Так не должно быть каждый раз. Может, мне нужно было просто коснуться Черной Жемчужины во сне, как я делала в реальности. Я подвинулась ближе к реке на четвереньках.

«Позволь тебе помочь».

«Это ложь! Враг!» — хвост драконши взметнулся из воды. Я пригнулась, в лицо прилетели сгнившие листья, плававшие сверху. Огромный хвост миновал мою голову и обрушился на призрака папы. Он угас с тихим хлопком.

Я раздвинула руки, чтобы не пугать ее.

«Я Кои Авеовео Пирс Хераи, — сказала я, отчаянно называя Жемчужине свое имя. — Я — не мой отец. Я американка. Я встретила Совет всего два дня назад».

«Ты думаешь, я поверю тебе, когда враг в твоей тени?».

«Что?».

Появился другой силуэт, но не мерцающим призраком, а чернильной тьмой, погруженный в реку у берега. Его прикрывали ветки ивы, и его можно было не заметить, но он поплыл ближе. Теперь я это видела и не могла оторвать взгляд, потрясенная рябью на черном силуэте, похожем на человека. Сила текла из моих глаз и ушей как кровь цвета снега и направлялась к тени.

Пыл, гнев и сильная уверенность доносились от нее, поворачивая сон, чтобы тень была в центре всего.

Я это сюда не приводила.

Черная Жемчужина опустила голову, мышцы на ее спине напряглись.

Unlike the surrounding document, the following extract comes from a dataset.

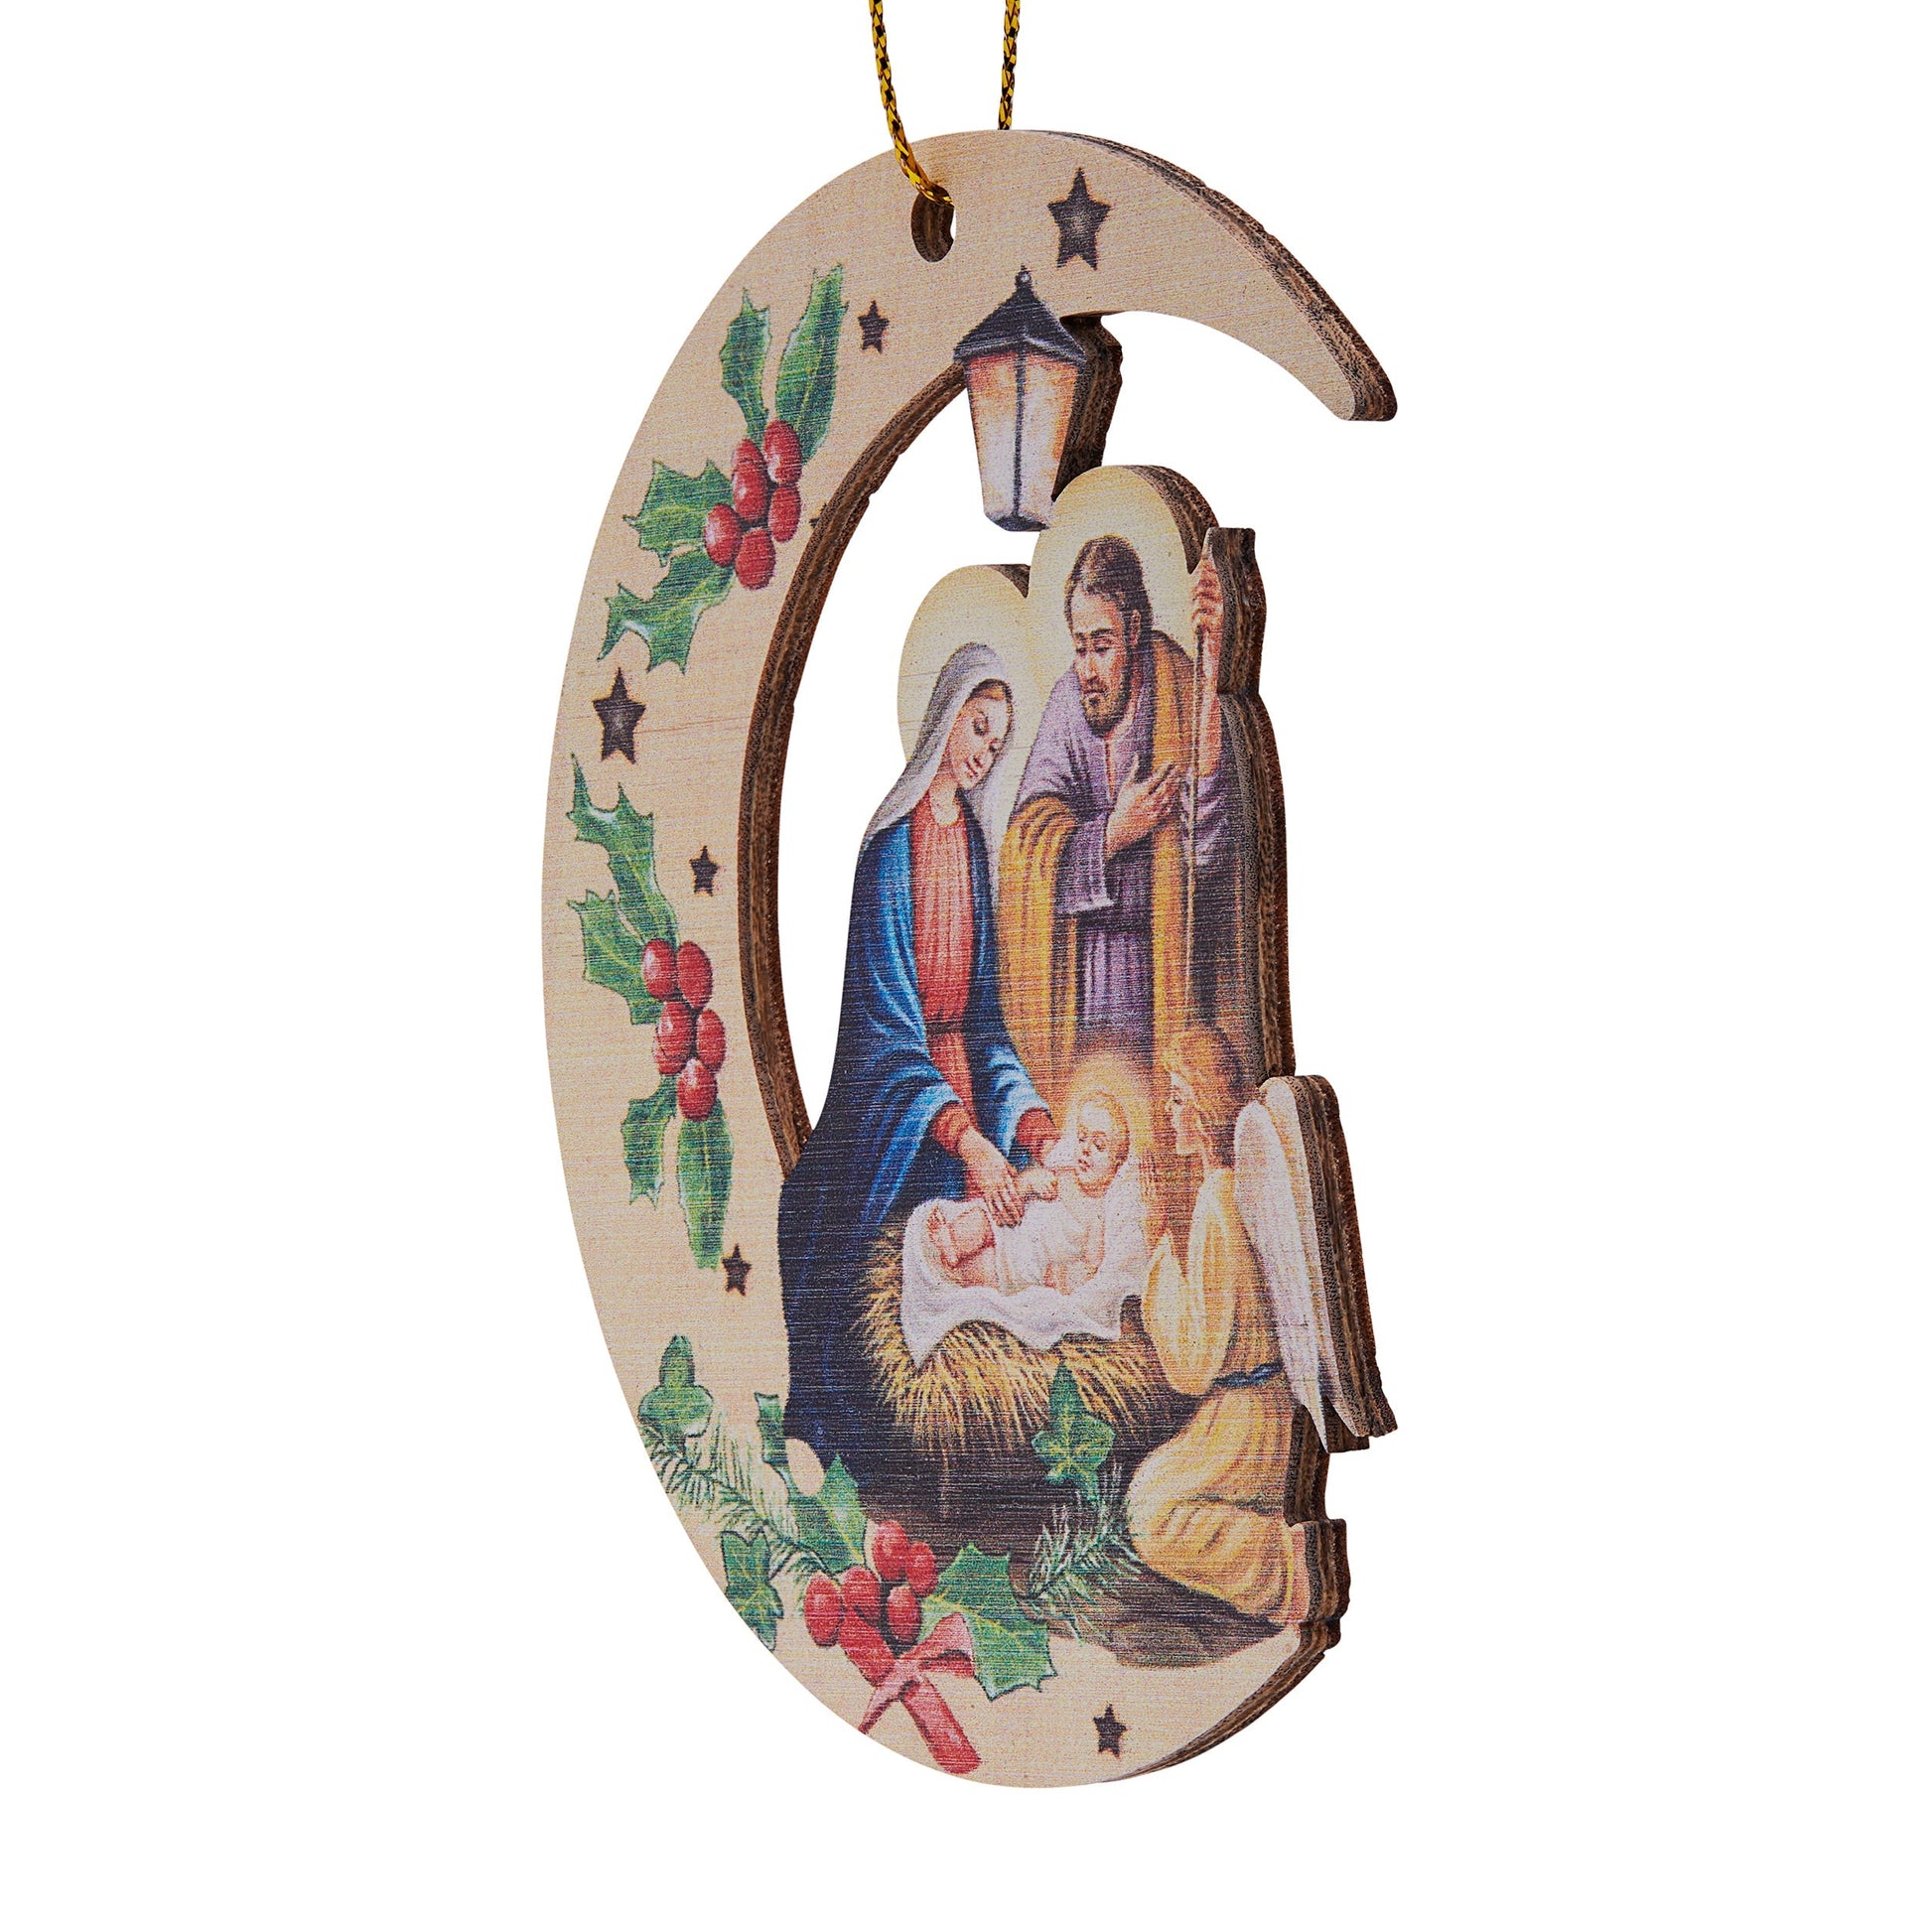 Mondo Cattolico 9.50 cm (3.74 in) Carved Wooden Christmas Tree Decoration in the Shape of Moon With Nativity Scene
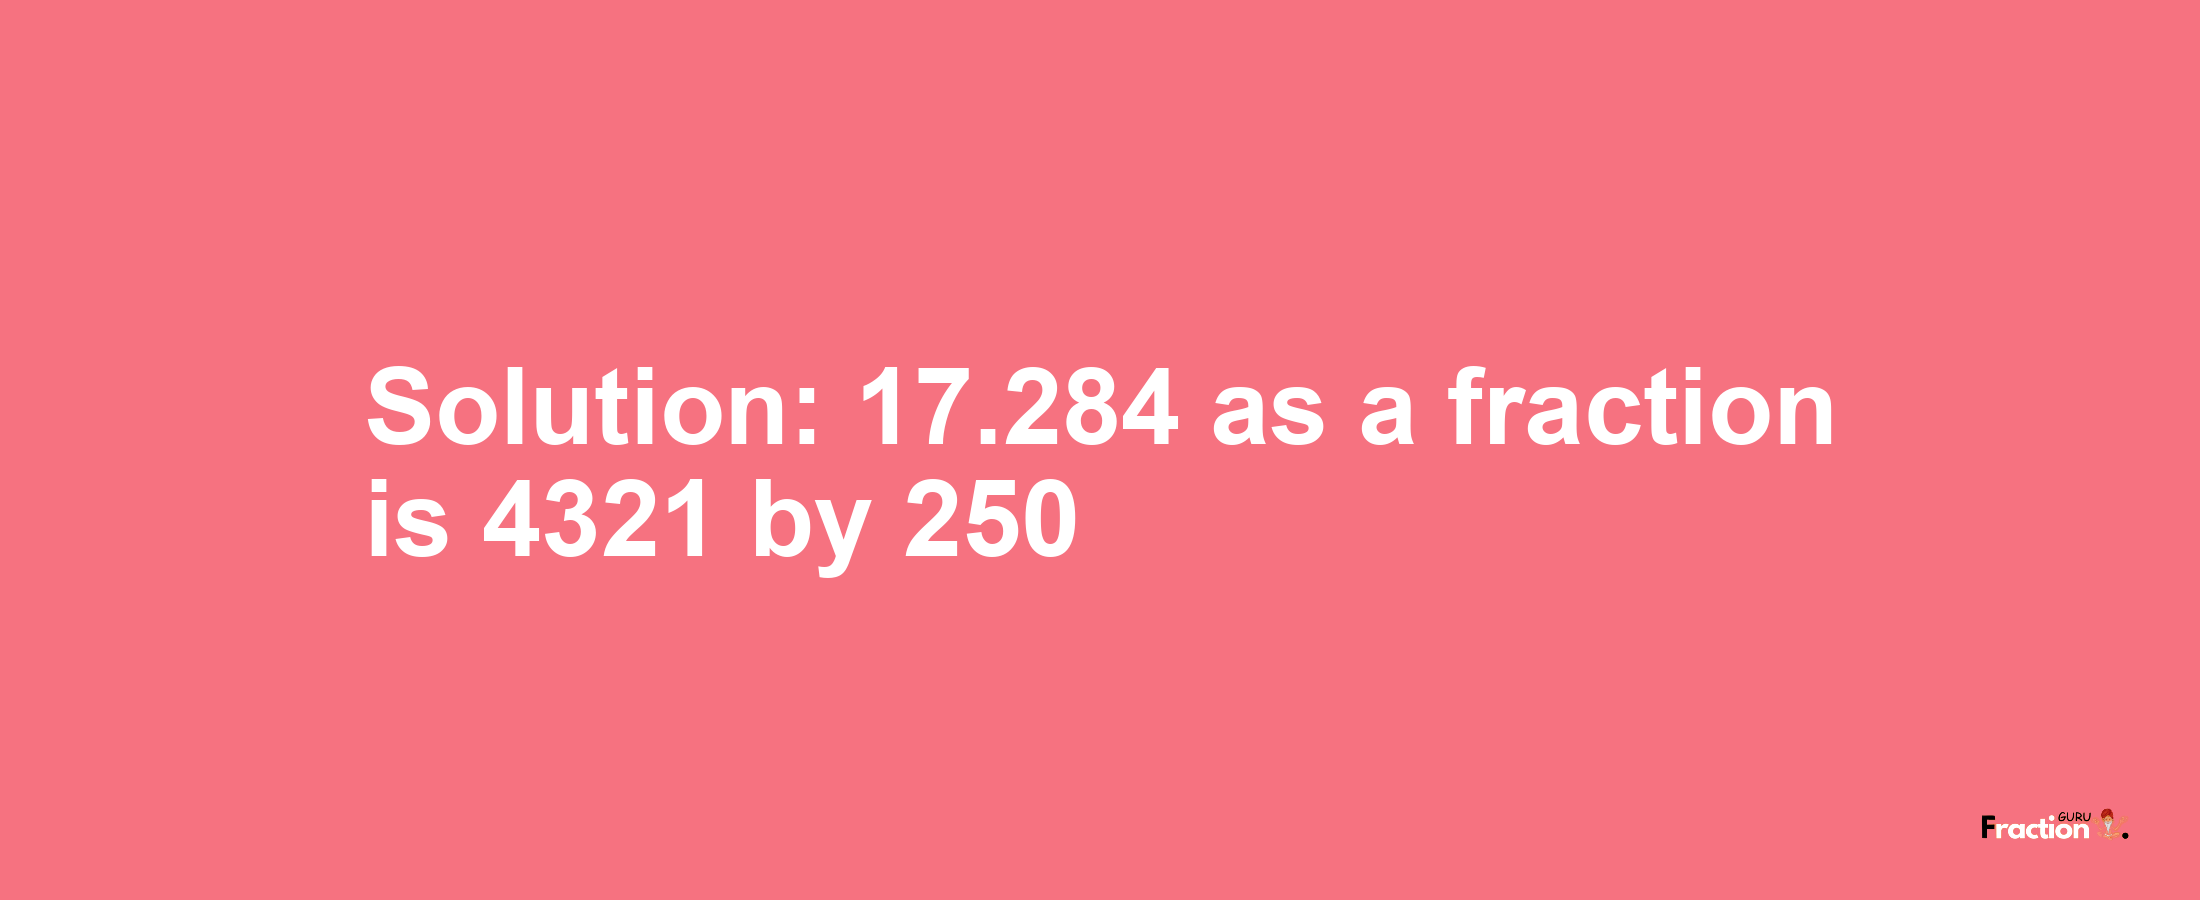 Solution:17.284 as a fraction is 4321/250

«Нет! Прошу, останься», — я вошла глубже в реку, тянулась к переливающейся радугой черной чешуе ее пропадающего тела.

Покалывание электричества пронеслось по воде от тени, шипя, как кислота, вокруг моих колен. Тяжесть, ощущение чего-то массивного, словно собравшейся грозы, и река впереди уплывающей Жемчужины разлилась, разделяясь, словно там стоял Моисей со своим посохом. Невозможная стена воды поднялась перед драконшей. Высохшая земля заняла четверть мили. Черная Жемчужина резко остановилась на краю, где вода встречалась с воздухом.